#### [WHAT TO PRODUCE]
Apart from the pictures, reproduce the data below exactly as it stands.

#### [DATASET EXCERPT]
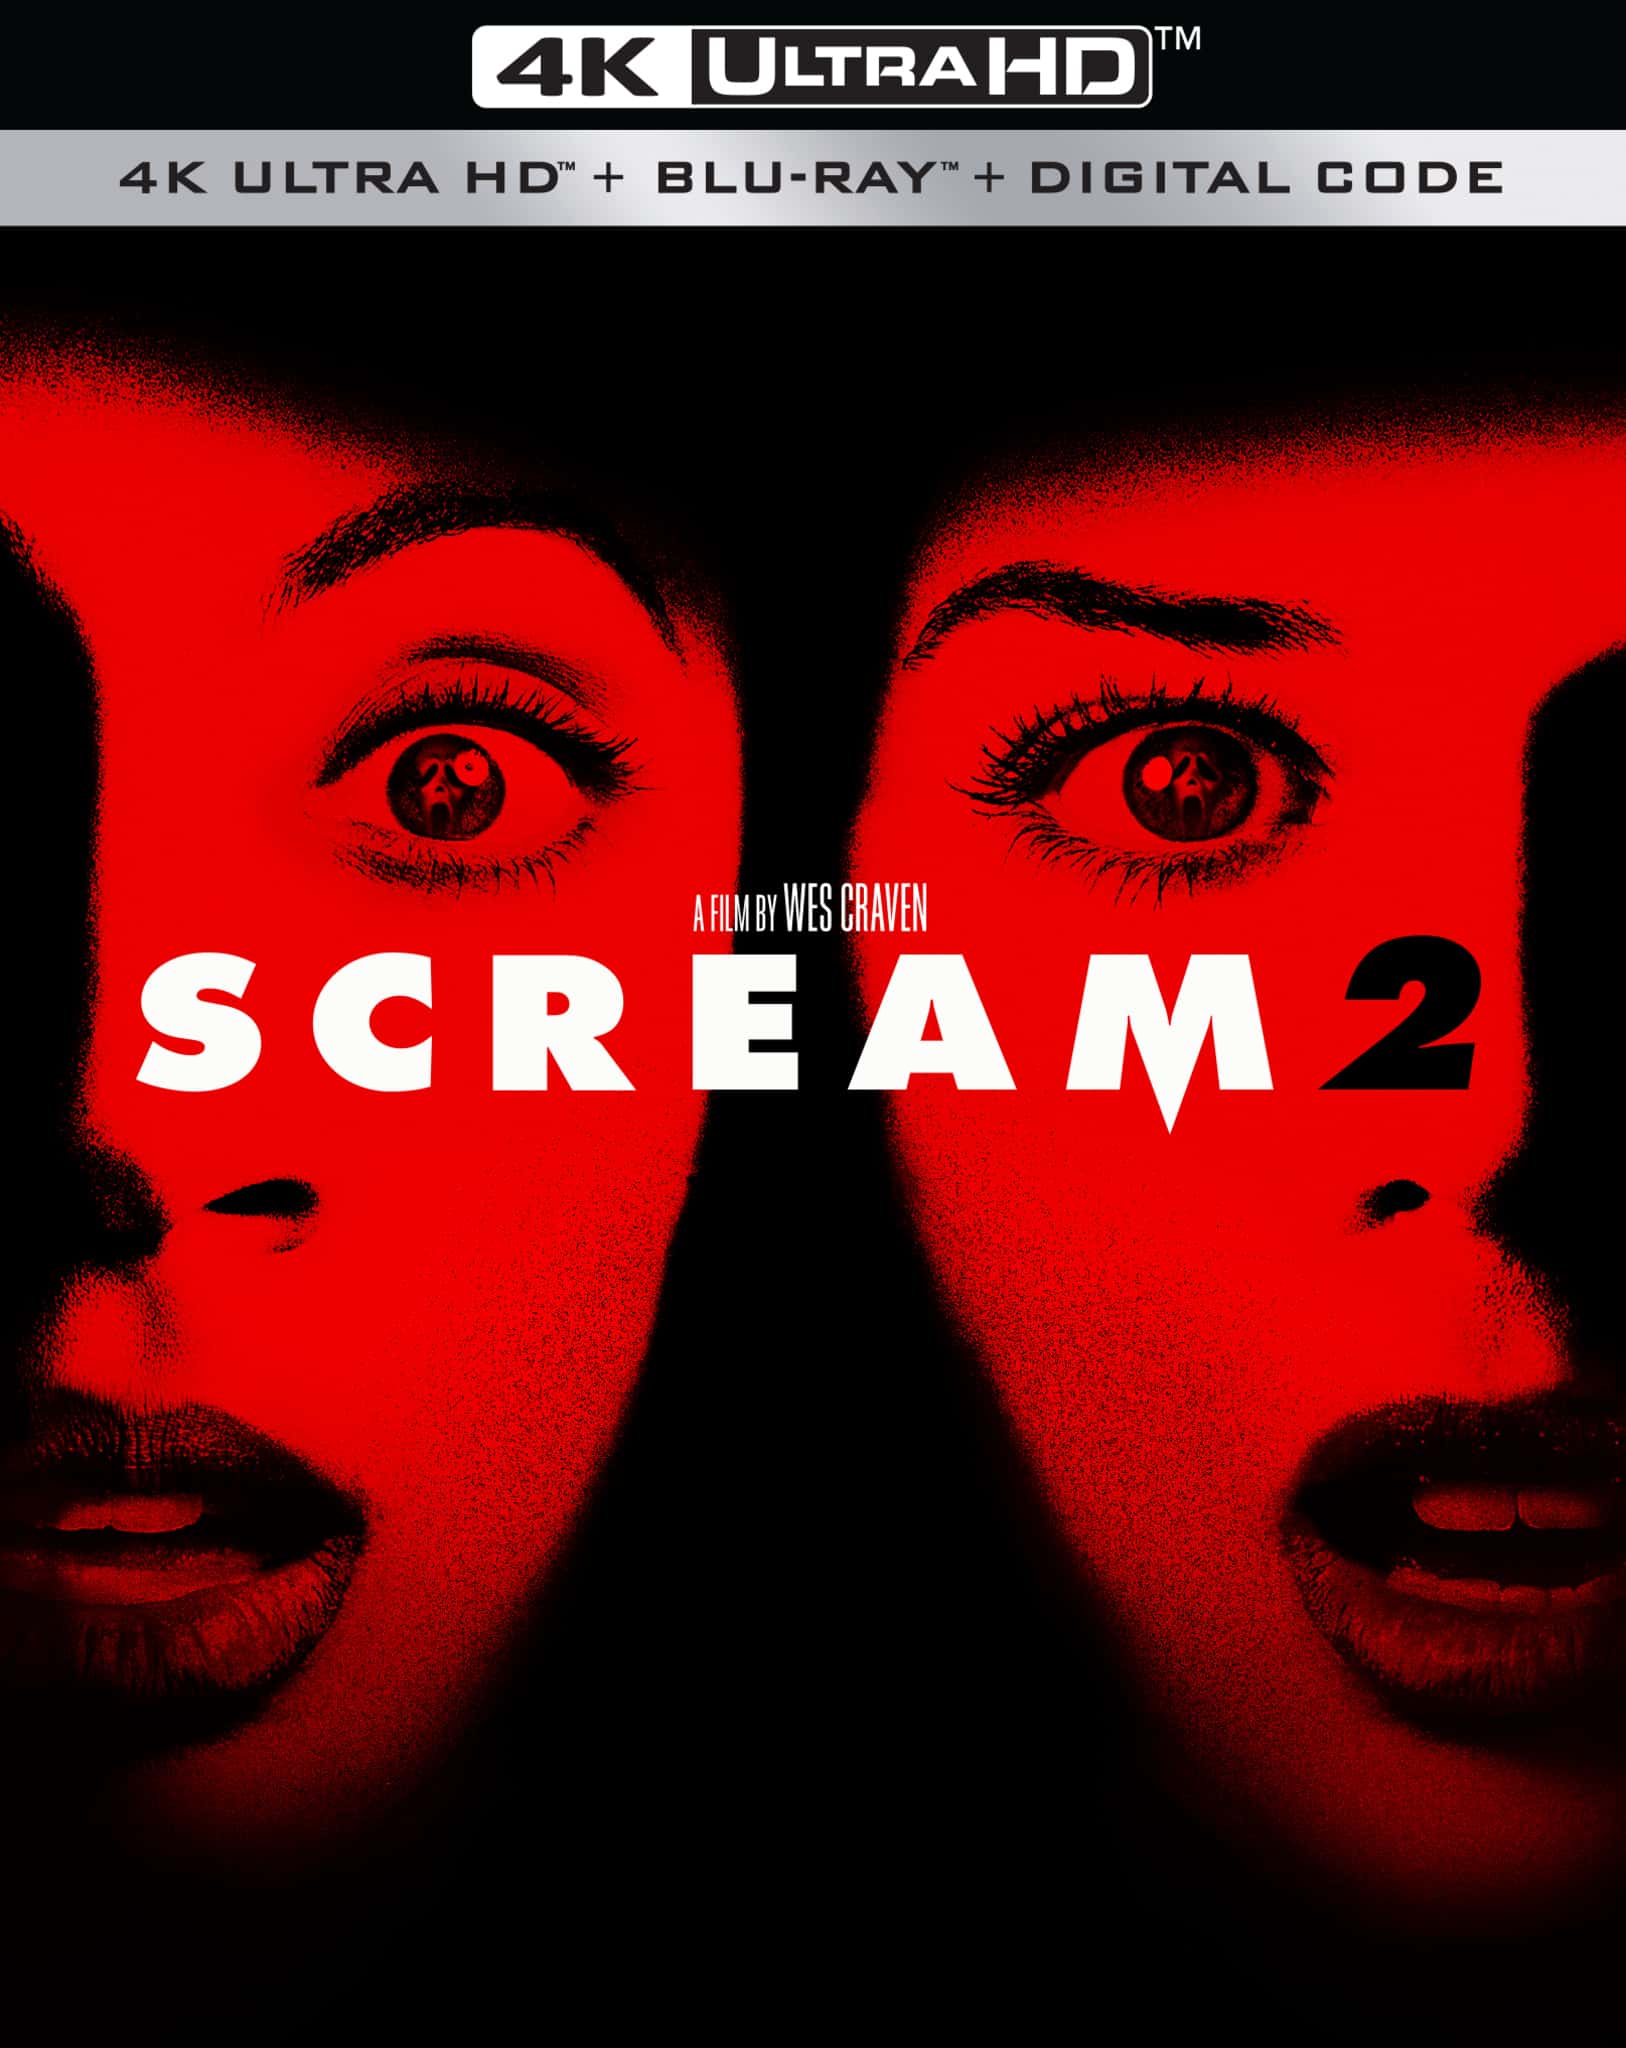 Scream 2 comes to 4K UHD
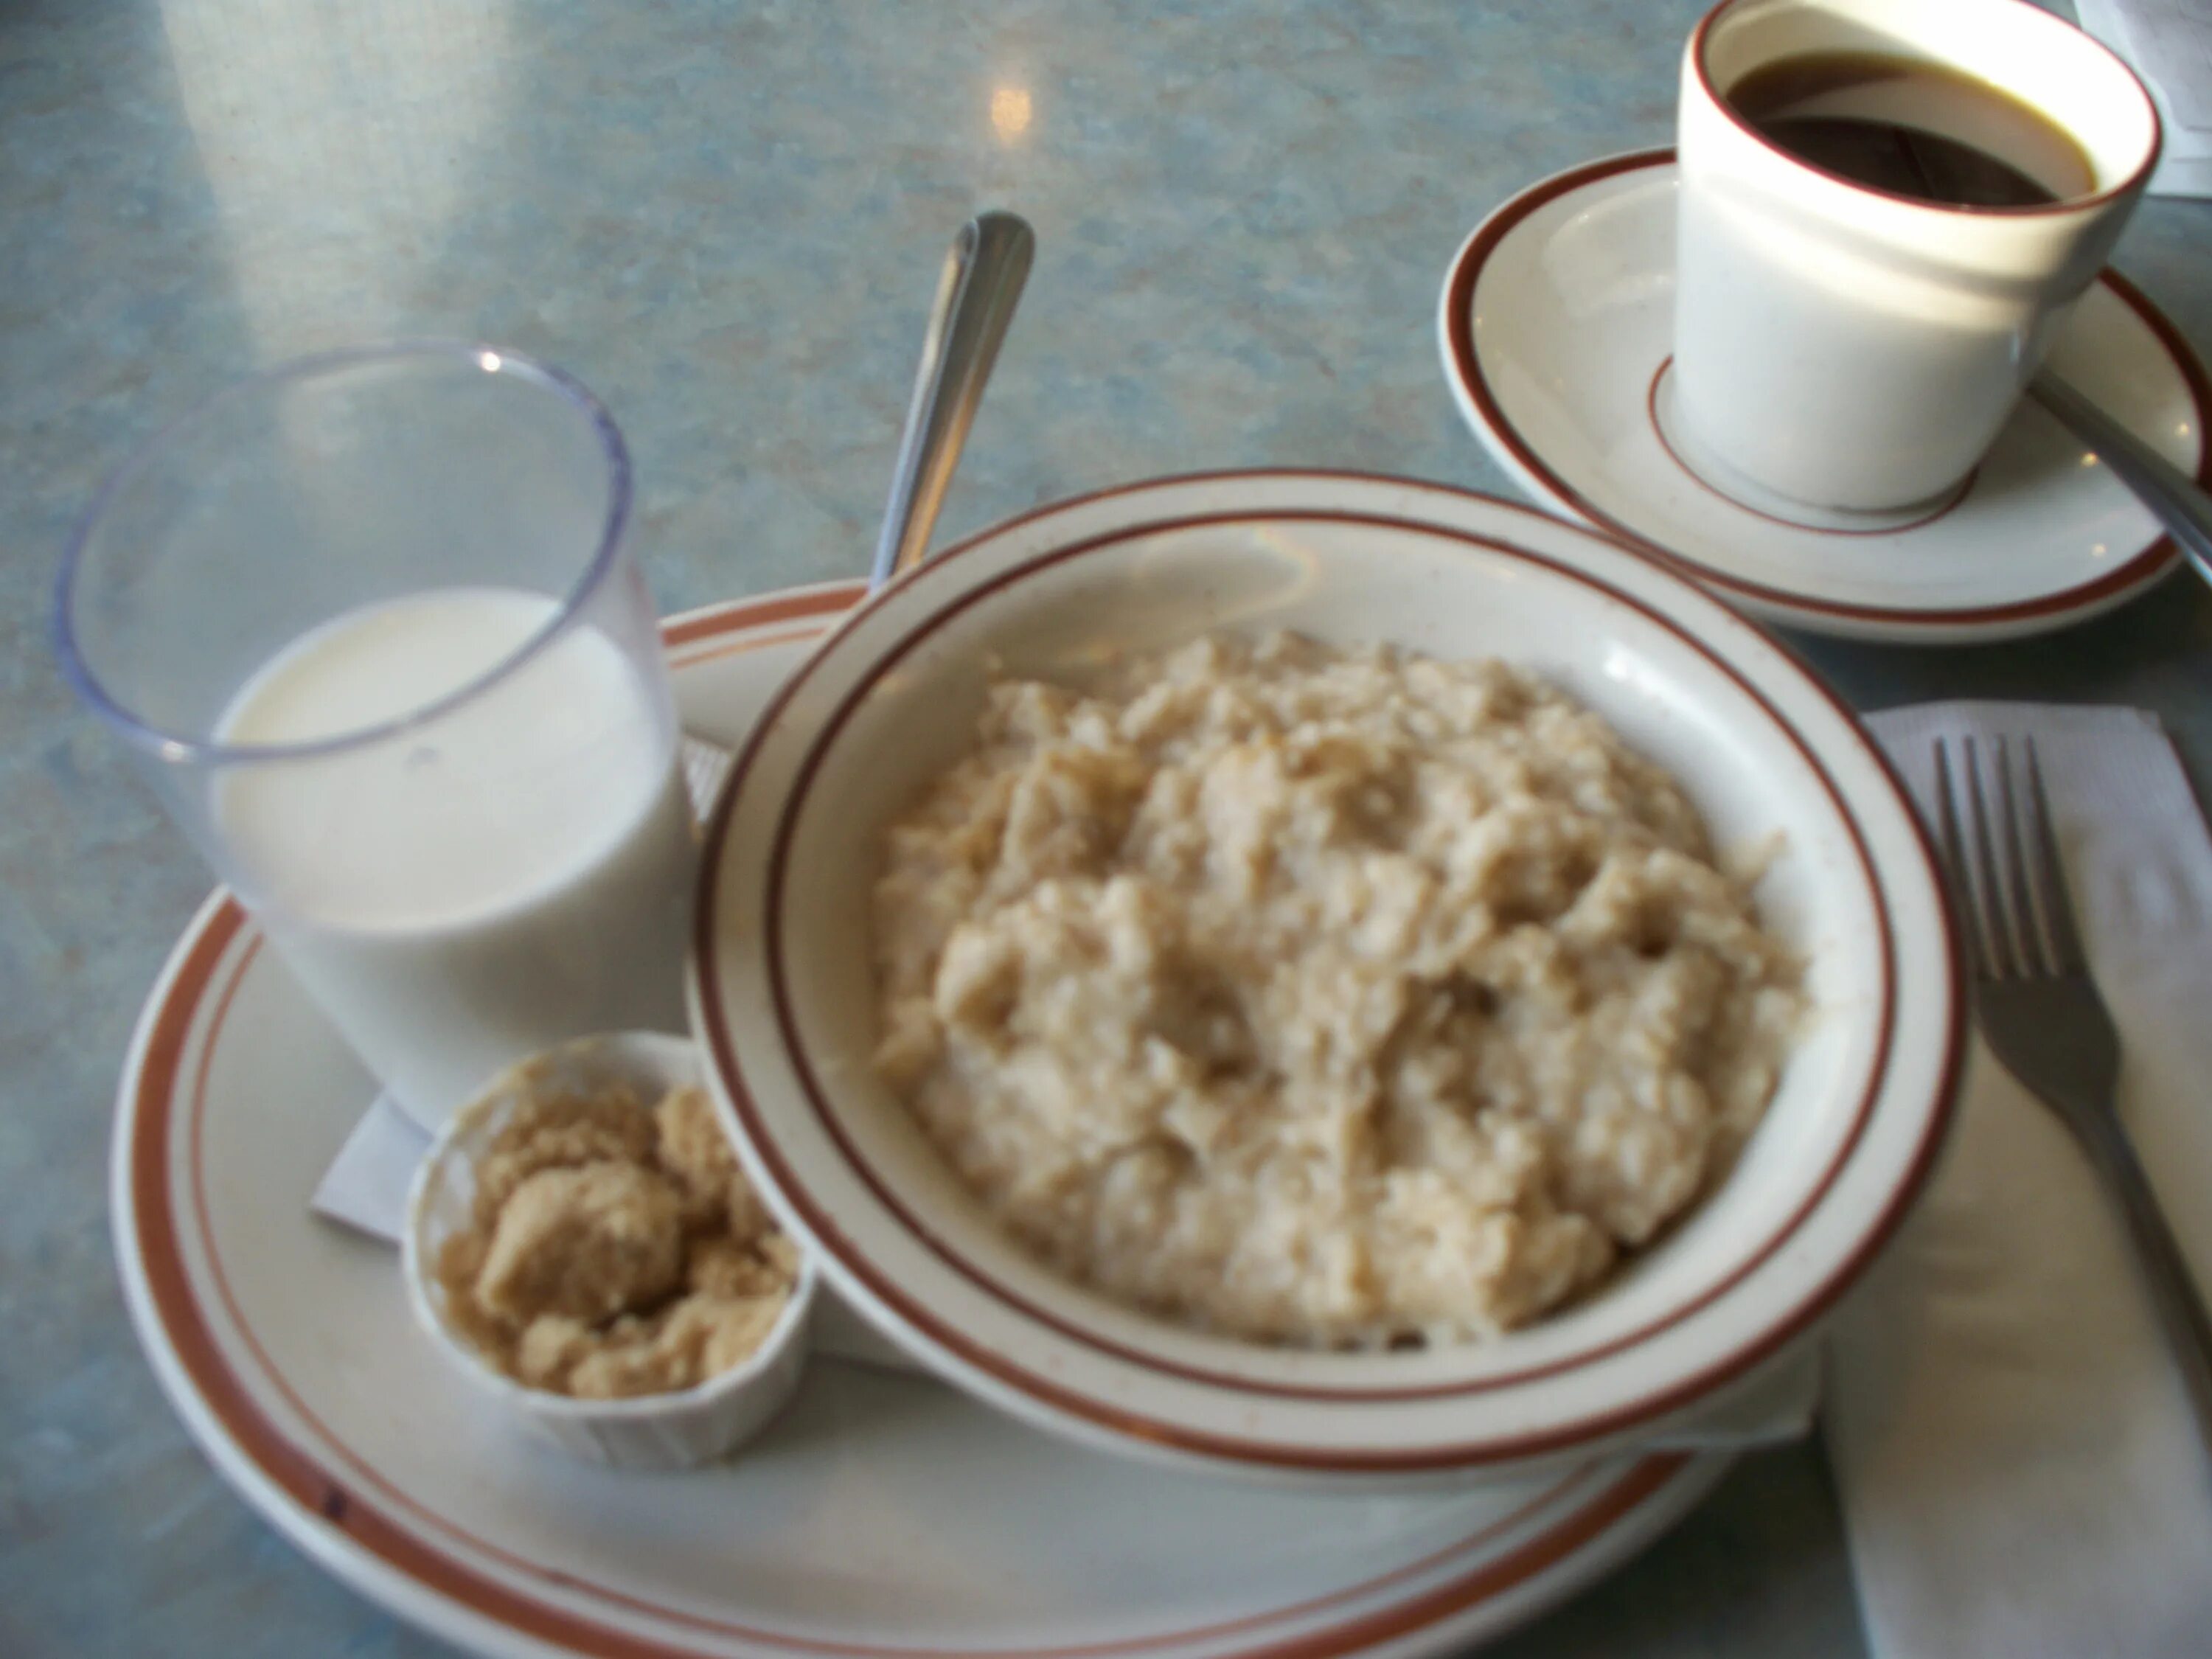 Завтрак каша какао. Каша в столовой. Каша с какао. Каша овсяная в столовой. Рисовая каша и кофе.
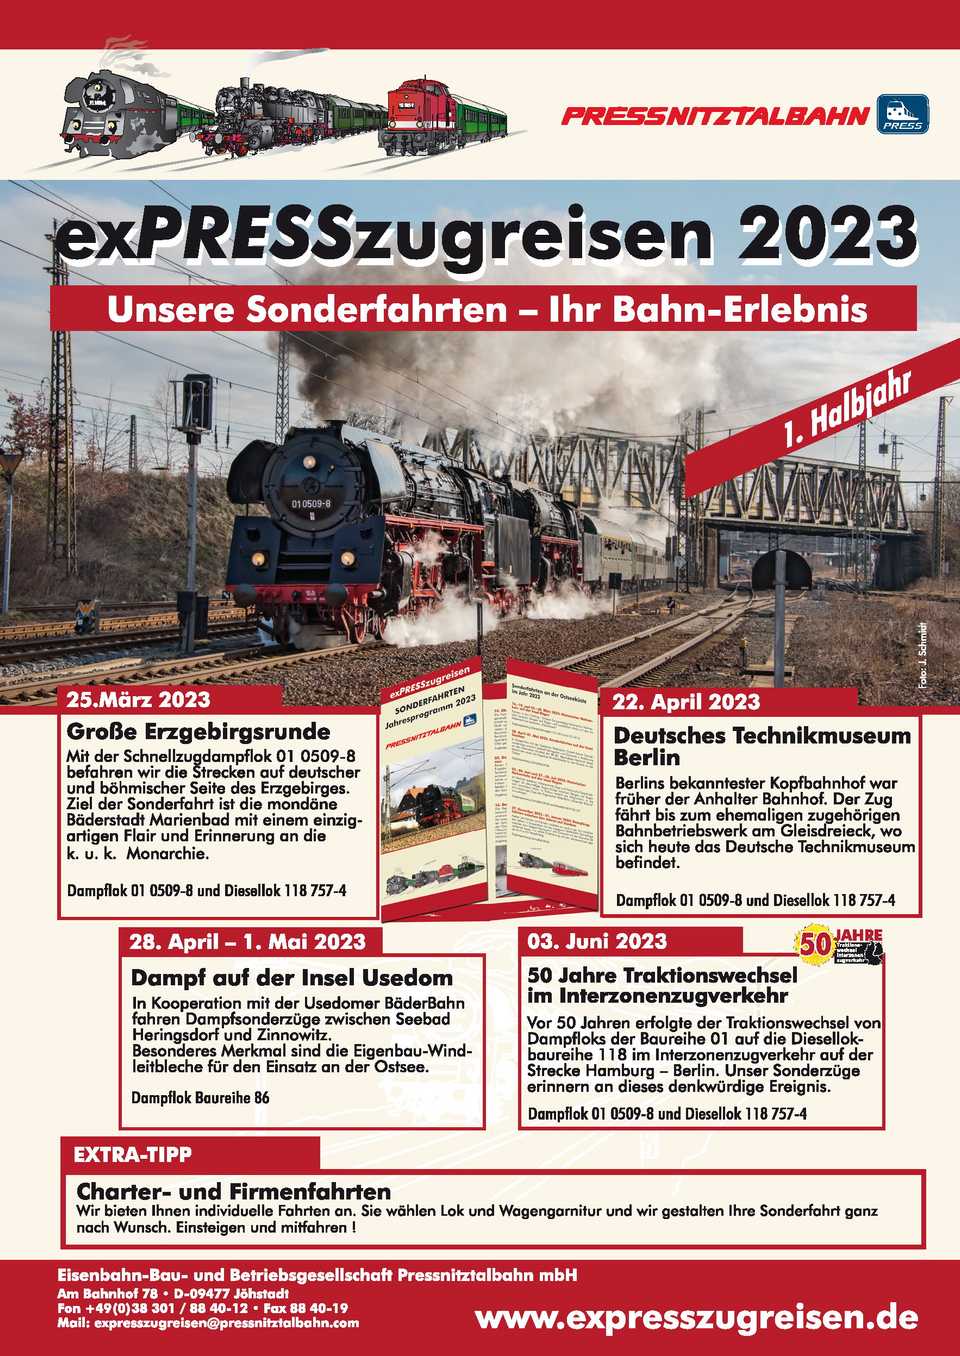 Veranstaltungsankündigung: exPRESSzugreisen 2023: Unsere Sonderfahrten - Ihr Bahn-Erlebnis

#### [EXERCISE SOLUTION]
 Scream 2 comes to 4K UHD
 Завтрак каша какао. Каша в столовой. Каша с какао. Каша овсяная в столовой. Рисовая каша и кофе.
 Veranstaltungsankündigung: exPRESSzugreisen 2023: Unsere Sonderfahrten - Ihr Bahn-Erlebnis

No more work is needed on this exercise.